THE PROBLEM:
The reply should hold only the lines from the one with "Mujer holandesa de" to the one with "Donna Wilson Blah", both ends kept, exactly as they appear below, without any pictures.

EXERCISE DATA:

>>>

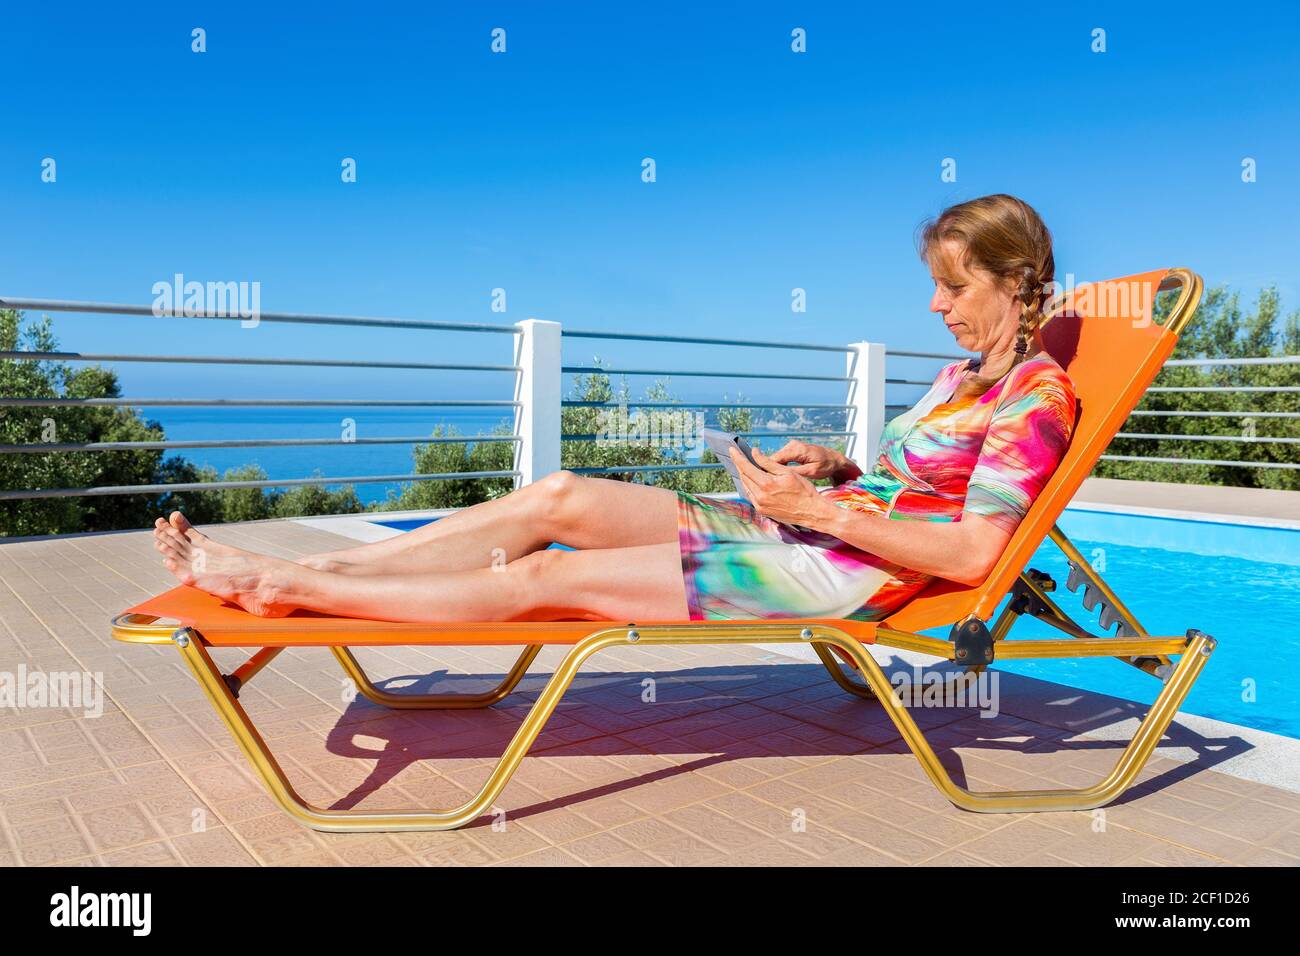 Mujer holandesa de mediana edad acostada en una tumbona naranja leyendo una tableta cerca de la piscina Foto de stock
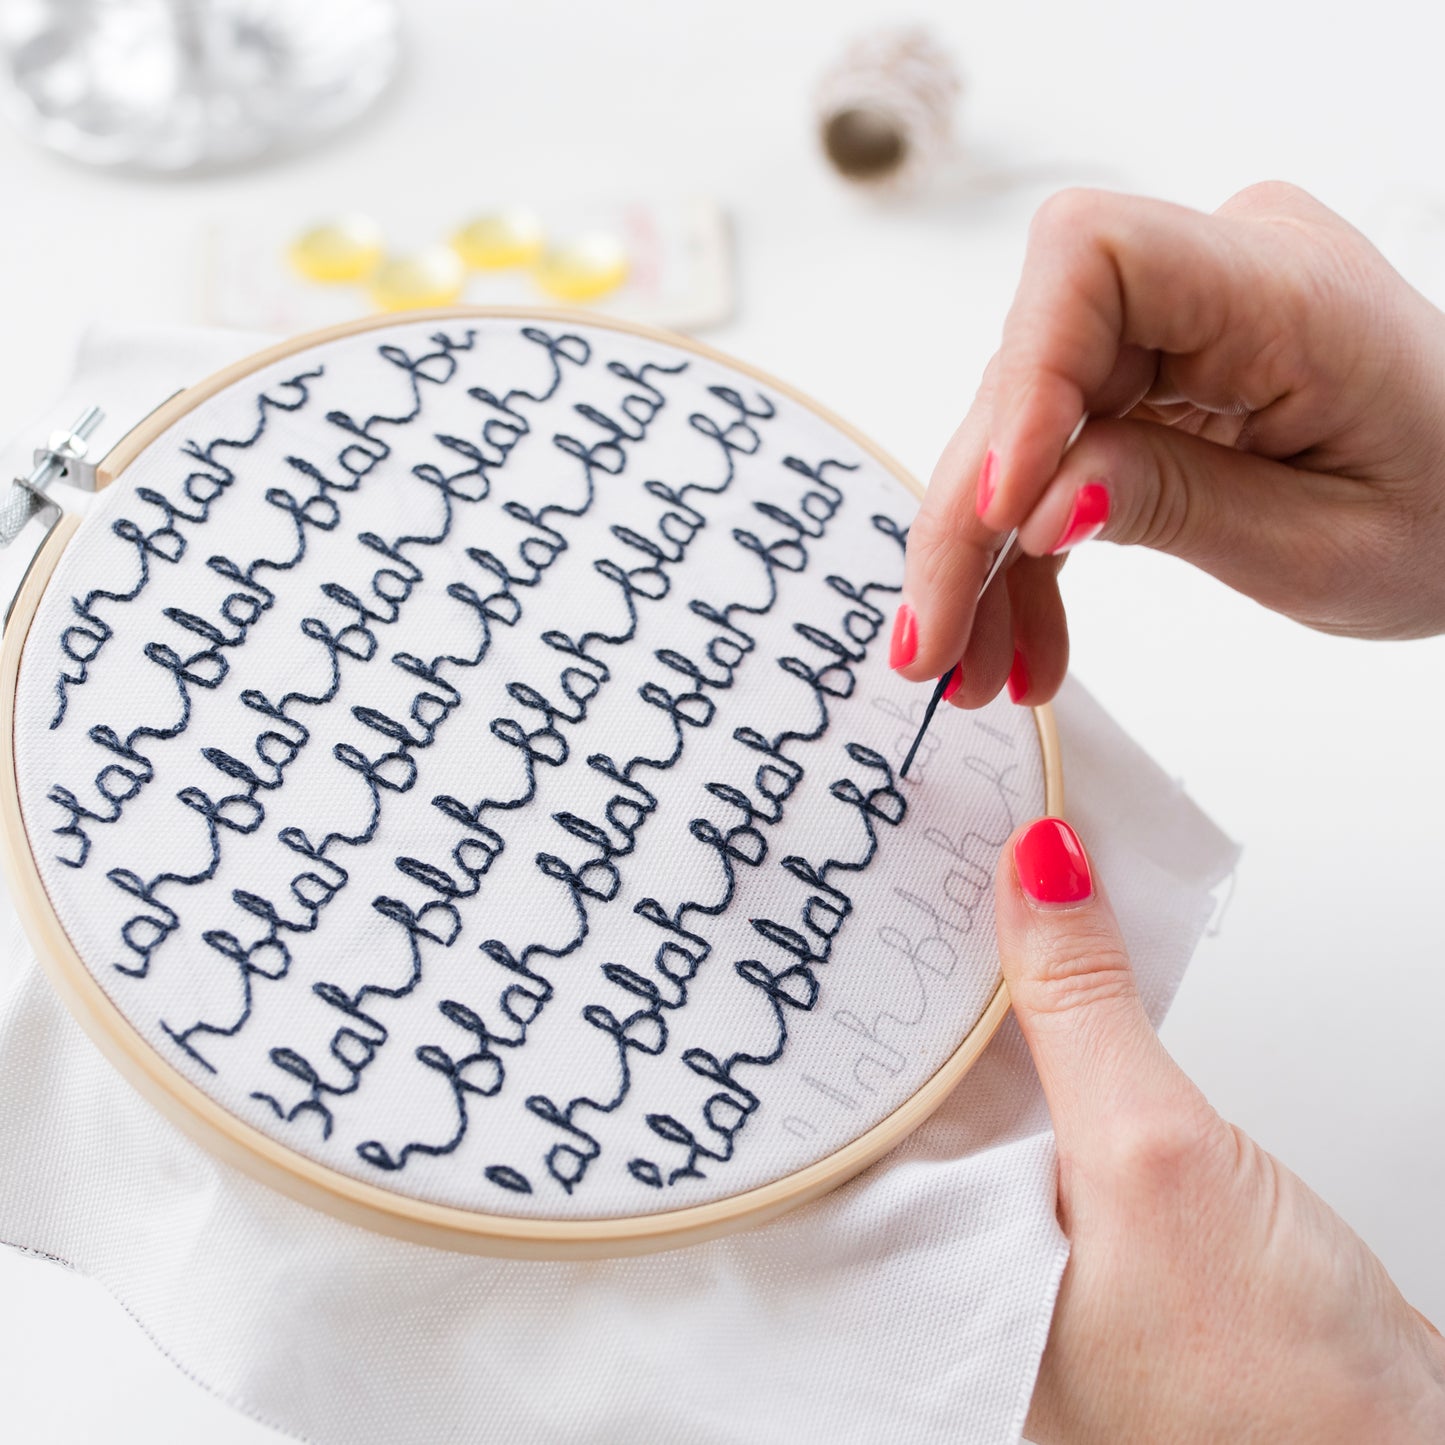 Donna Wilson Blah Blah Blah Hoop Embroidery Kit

<<<
>>>

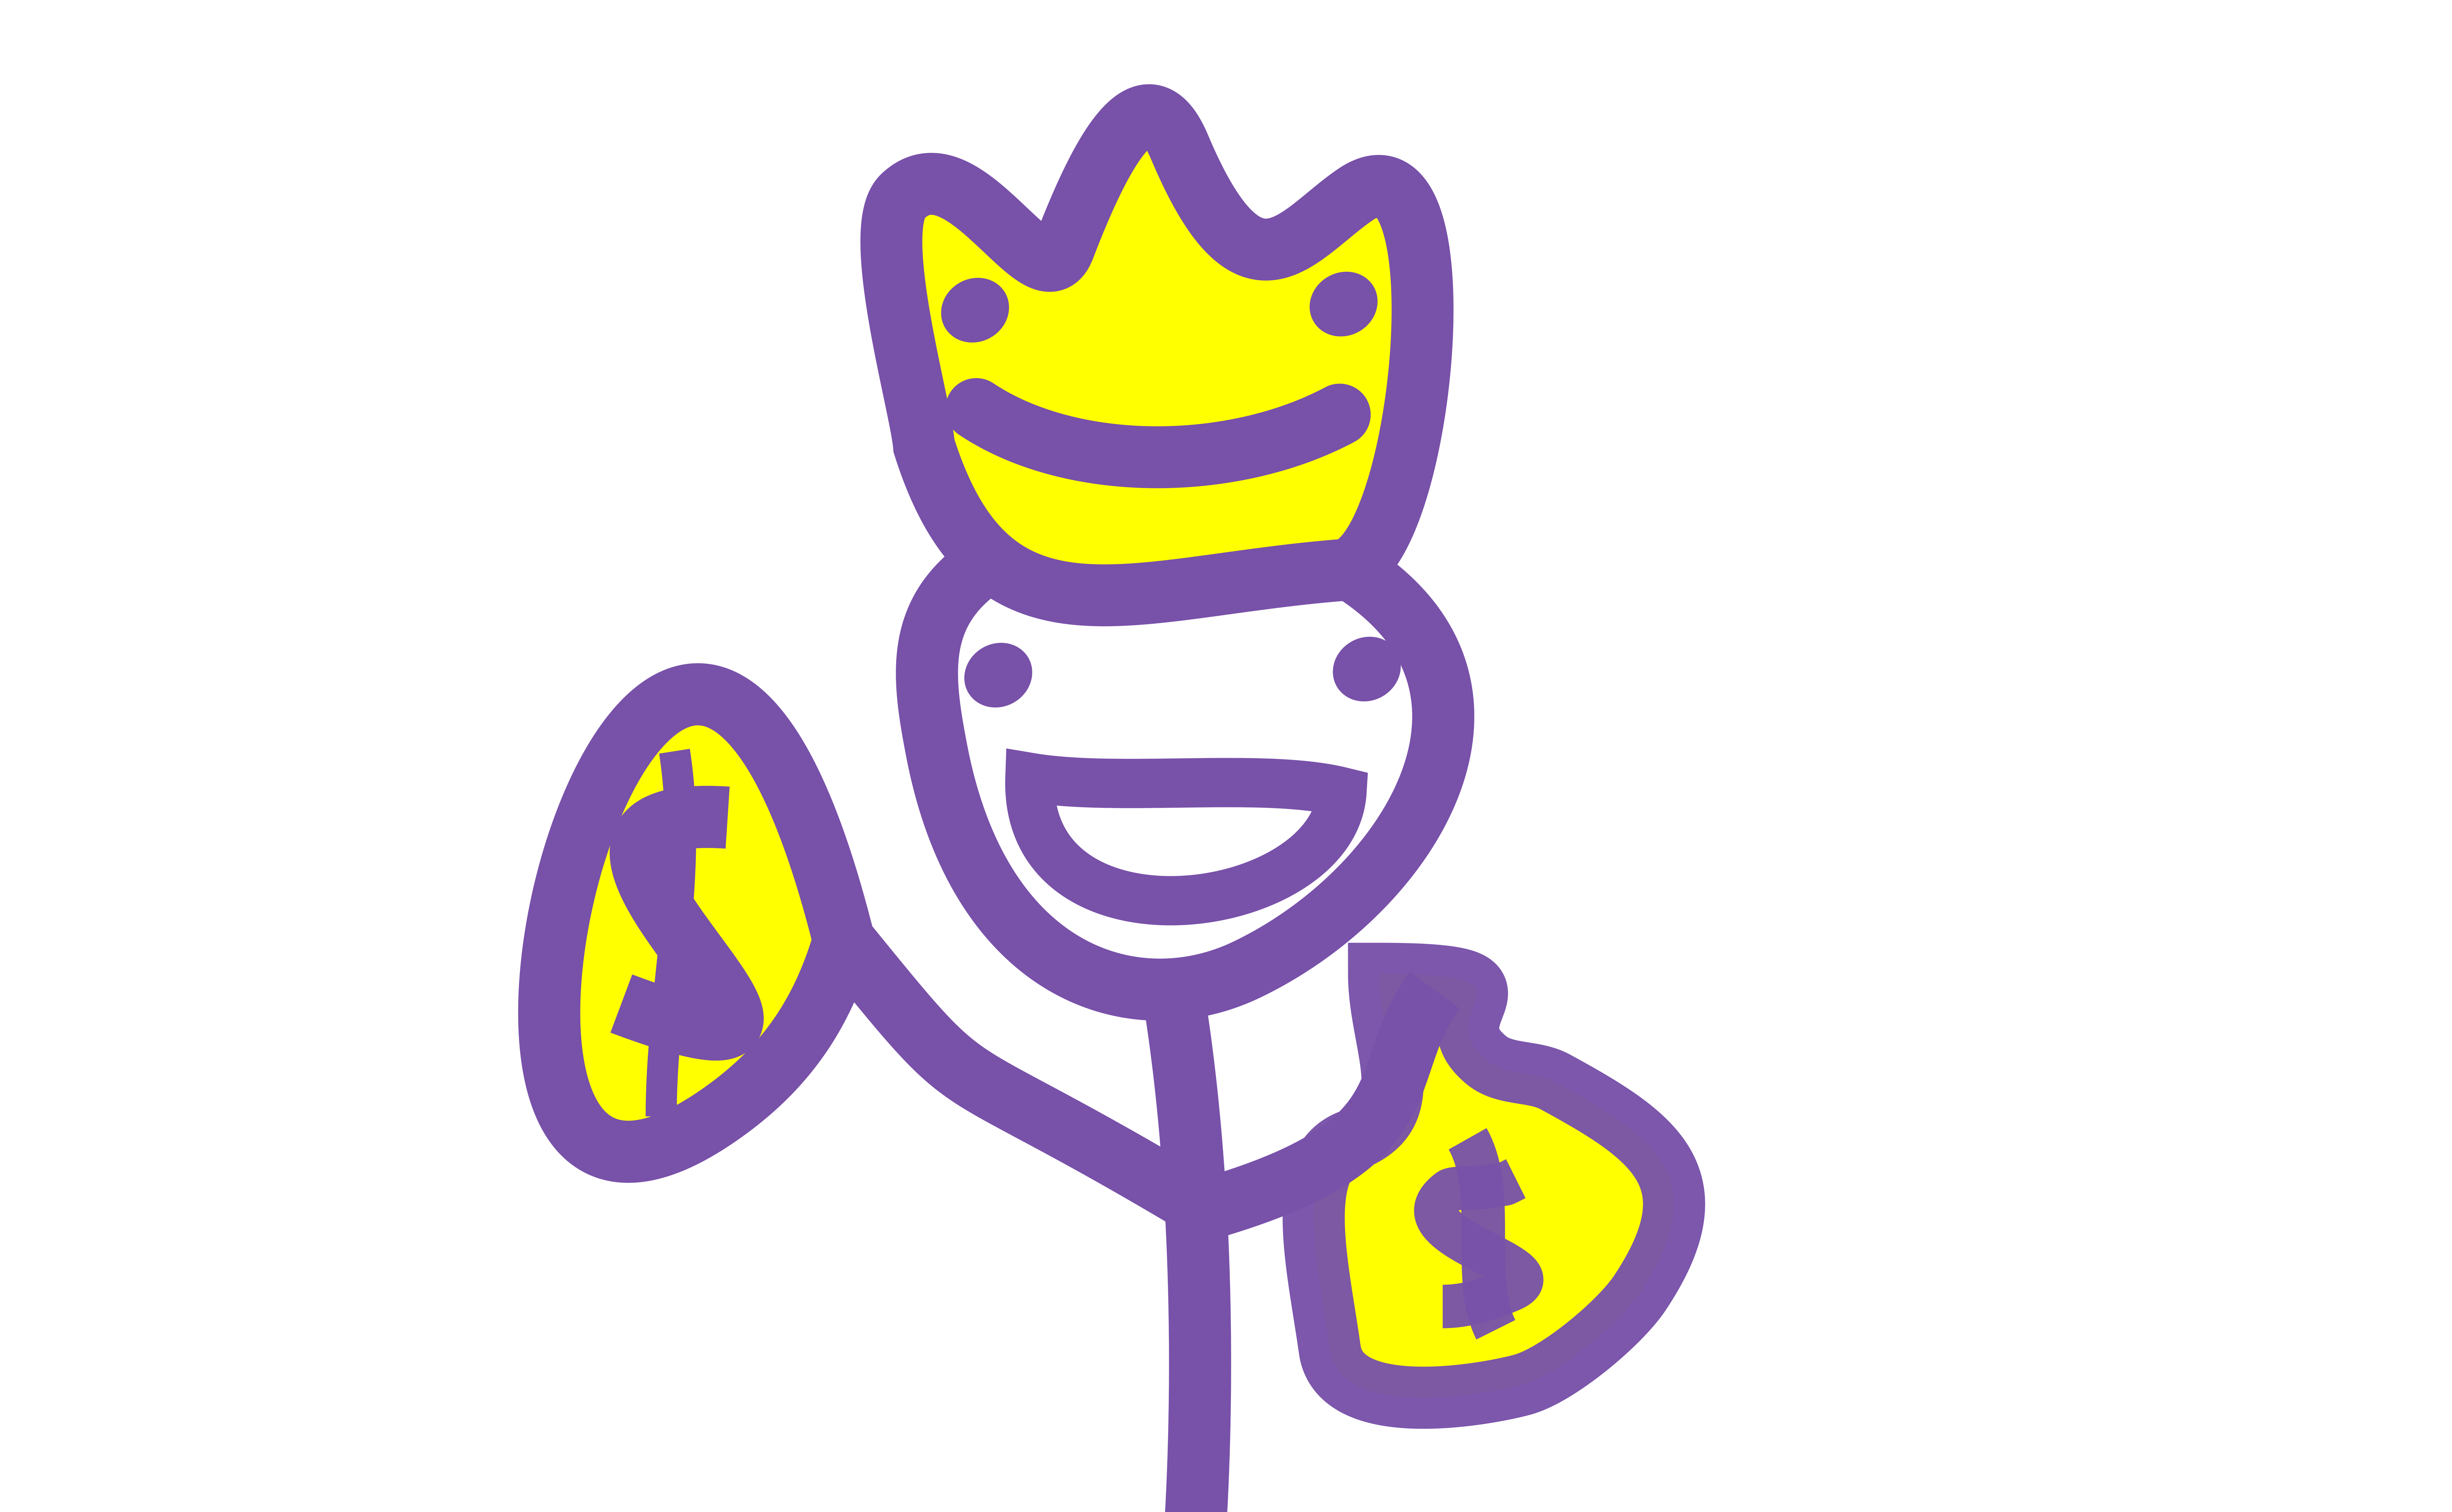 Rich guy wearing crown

<<<

OUTPUT OF THE EXERCISE:
 Mujer holandesa de mediana edad acostada en una tumbona naranja leyendo una tableta cerca de la piscina Foto de stock
 Donna Wilson Blah Blah Blah Hoop Embroidery Kit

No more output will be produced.